Badan Pengembangan dan Pembinaan Bahasa, melalui Pusat Pengembangan dan Pelindungan Bahasa dan Sastra mengadakan kegiatan Diskusi Daring Bedah Buku Lockdown: Asa, Cinta, dan Zahira pada Rabu, 8 Juli 2020. Kegiatan tersebut diselenggarakan lintas negara melalui aplikasi Zoom dan dihadiri langsung oleh penulis buku, yaitu M. Aji Surya. Penulis novel yang tengah naik daun tersebut merupakan Wakil Duta Besar Indonesia untuk Mesir sehingga saat ini berada di Mesir.

M. Aji Surya merupakan seorang penulis yang cukup aktif dan telah menghasilkan banyak buku kontemporer serta beragam artikel di media massa. Novel yang diselesaikan dalam waktu dua bulan tersebut dibantu seorang penulis muda bernama Ahmad Mina RA yang hidup satu atap bersamanya di Kairo.

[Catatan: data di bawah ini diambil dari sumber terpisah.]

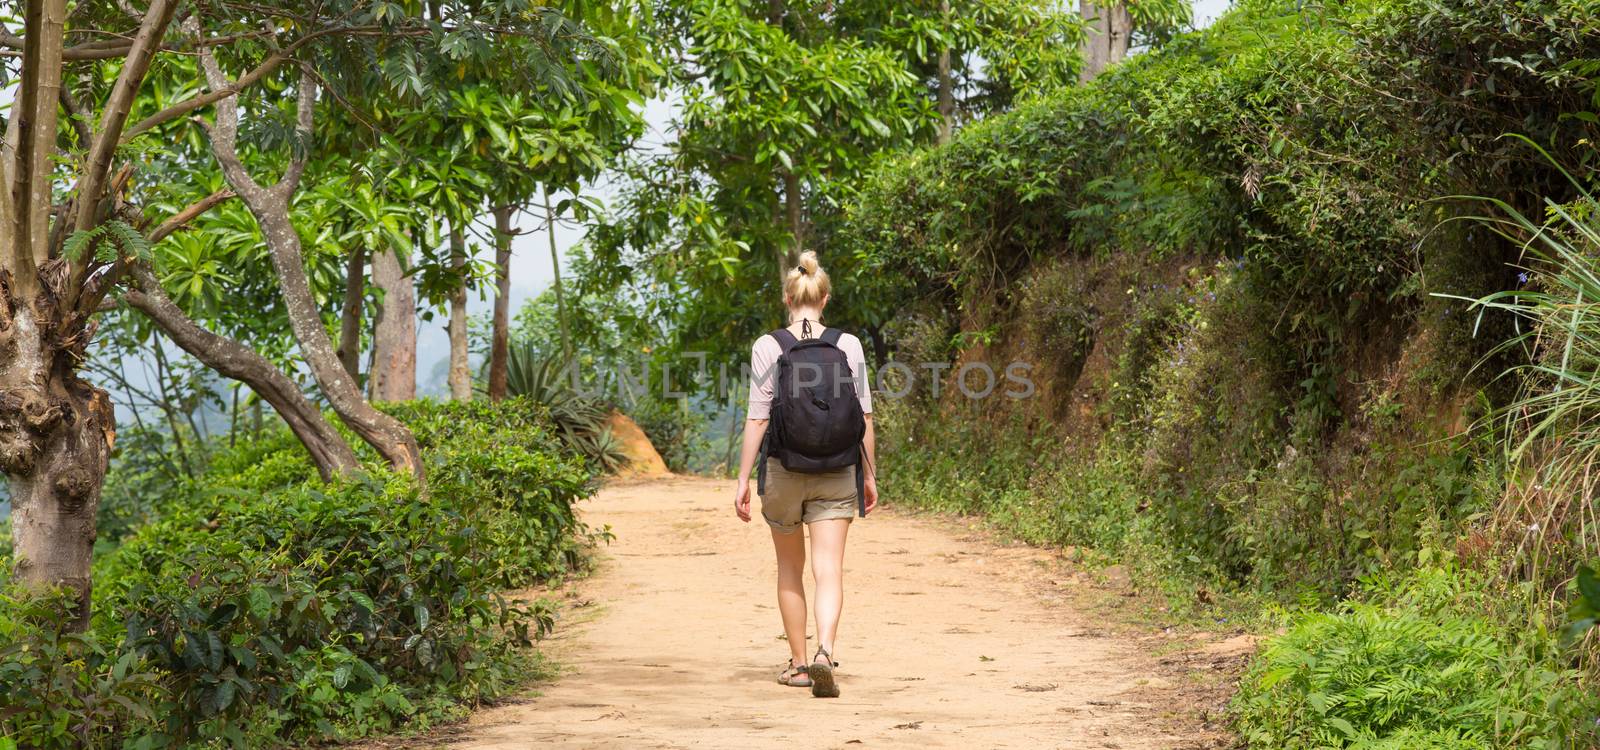 Active caucasian blonde woman enjoyng fresh air and pristine nature while tracking among tea plantatons near Ella, Sri Lanka. Backpecking outdoors tourist adventure.

Diskusi yang berlangsung selama dua jam tersebut dipandu oleh Ganjar Harimansyah yang merupakan peneliti Badan Bahasa dan juga seorang penulis. Selain itu, yang paling menarik dari diskusi itu adalah hadirnya sosok penulis novel best seller Trilogi Negeri 5 Menara, yang tak lain adalah Ahmad Fuadi. Fuadi hadir sebagai narasumber dengan ditemani oleh Joesana Tjahjani, Dosen Program Studi Prancis, Universitas Indonesia. Selain dikenal sebagai dosen, Joesana juga dikenal sangat piawai dalam membedah karya sastra.

Fuadi dalam pembahasannya mengaku kagum dengan kecepatan penulis dalam menyelesaikan karya. Bagaimana tidak? Pria asal Sumatra Barat itu biasanya membutuhkan waktu yang cukup lama dalam menulis, bahkan bisa satu hingga dua tahun.

“Saya sangat kagum dengan kecepatan penulis dalam menyelesaikan karyanya sebab bagi saya menulis itu membutuhkan waktu yang tidak sedikit, bisa bertahun-tahun. Bahkan, buku Negeri 5 Menara saya selesaikan dalam kurun waktu dua tahun,” tuturnya.

Fuadi menilai, ada hal menarik dalam penulisan novel tersebut. Pada saat dunia perbukuan menyerah dan merasa susah karena banyak pegawai bekerja di rumah sehingga pemasarannya menjadi agak sulit, penulis novel tersebut malah terus berkarya dengan cepat. Bahkan, novel tersebut diluncurkan secara daring sehingga mudah diakses oleh masyarakat di mana pun dan kapan pun tanpa perlu menungu untuk diterbitkan oleh percetakan.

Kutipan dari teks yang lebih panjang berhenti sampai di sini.